22 DEEP USER: THE CODE AND ALL THE REST /2
* As if there was a code story behind every image: problems derive from wrong codes or data type mismatch. Here's a selection of a few —real— examples:
* If you copy-pasted a geminated el from MSWord onto a web editor, the middle-dot will turn into a bullet. (The two characters probably have the same code in different character tables: code remains, it is tables that change.)
* If you were browsing geminated els on a database, you would get all kinds of cropped results —and even none: the middle dot might not have been indexed, the middle dot might be “unsearchable” .
* If you were a Gmail or Outlook user linking to a geminated-el-d site/domain or address, you would never get there: the link would break just before the middle dot —or, Google and Microsoft ignore officially approved ICANN character tables.
* If your company name had a word like “Intel·ligència”, Intel Company could well sue you —they could interpret that single word as two words.
* If your written name had a geminated el, it would be ignored or altered (l.l) in official Spanish census. And if you had an electronic ID card or passport, well, we do not know what could happen exactly —there is no standard on how to flatten the geminated el.
* If…
23 SUMMARY NOTE # 2
* We can close this section now with
* Summary Note #2:
* In our digital days of (en)coded text, the geminated el gives way to problems that are far more complex than in past times: not only graphic, but also of accessibility and tokenization.
SECTION 3. CLOSE
24 AFTERTHOUGHTS
* Time to collect things, now.
* We would like to have a proper geminated el, a standard geminated el: the glyph, the key, the code.
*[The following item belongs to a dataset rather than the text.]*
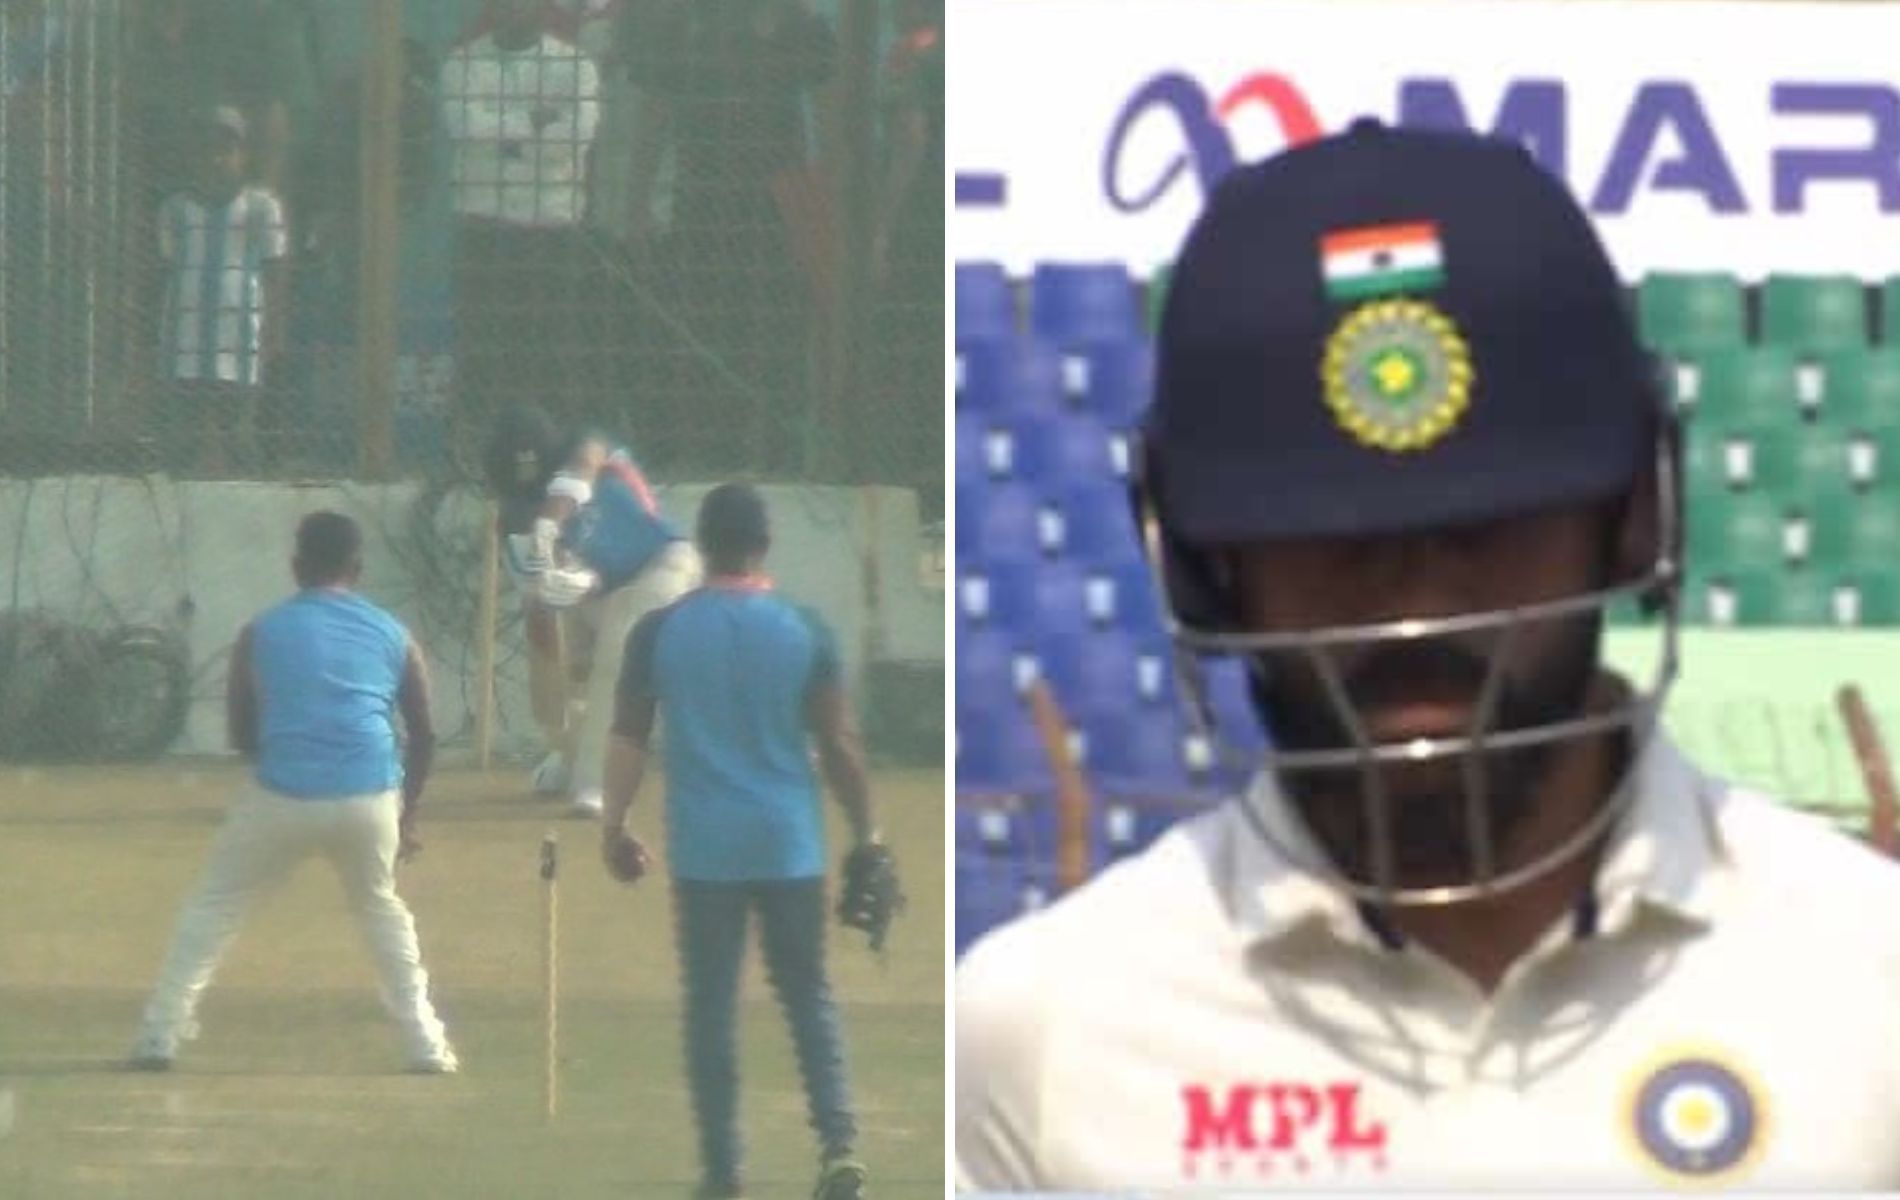 Virat Kohli was out for just one run on Wednesday. (Pics: SONY/Twitter)

We may be asking too much. We do what we can, we keep on trying —now we have turned up at a Type Conference and told people here, as if there was any chance to improve things.
* But the problem remains, three-sided —typography, accessibility, tokenization.
25 THE THREE-SIDED GEMINATED EL
* The glyph comes first. It seems it is becoming popular amongst local font designers to draw it as a “single piece”, keeping more or less to the original 1913 standard guidelines (so we are happy). A features composite, of course —perhaps temporary and patchy solutions, but good enough when lacking a real code.
We can only suggest them to name it “consistently”. Internal glyph name: /Lgeminada, /lgeminada, like some already do, as regards to future, possible standard compatibility.
* And, by all means, any of these is better than /el-dot/ —should we say it again,
PLEASE DO NOT…
* As to the key, let's not expect much in the near future. However, there have been a few improvements, like touchscreen keyboards from Apple and Firefox show. True, they are option keys, alternatives within custom keyboards, alternatives to standard keys —but they are real options.
* We have the code left… It is a tricky matter —that changes depending on the platform: web or pdf. At present, there seems to be no other standard solution than fitting it into the Private Use Area of Unicode, somewhere between E000 and F8FF —code or Name Character Sequence. But there is still a lot more to consider before we reach a satisfactory result —and that should also imply further discussions with Unicode, hoping to get some response…
26 BYE AND BYE
* … that would finally stop us asking these questions on the screen. No official institution or big company sees much business in the geminated el, so they do not care much or have not cared much —we know that for sure. So we may turn once again to our ground —users, font designers, programmers, developers.
* The geminated el might only be a local issue, but it might be like some of yours. And that is why we have come to tell you about it. Even if it is only at a type conference on a Saturday morning. Thank you.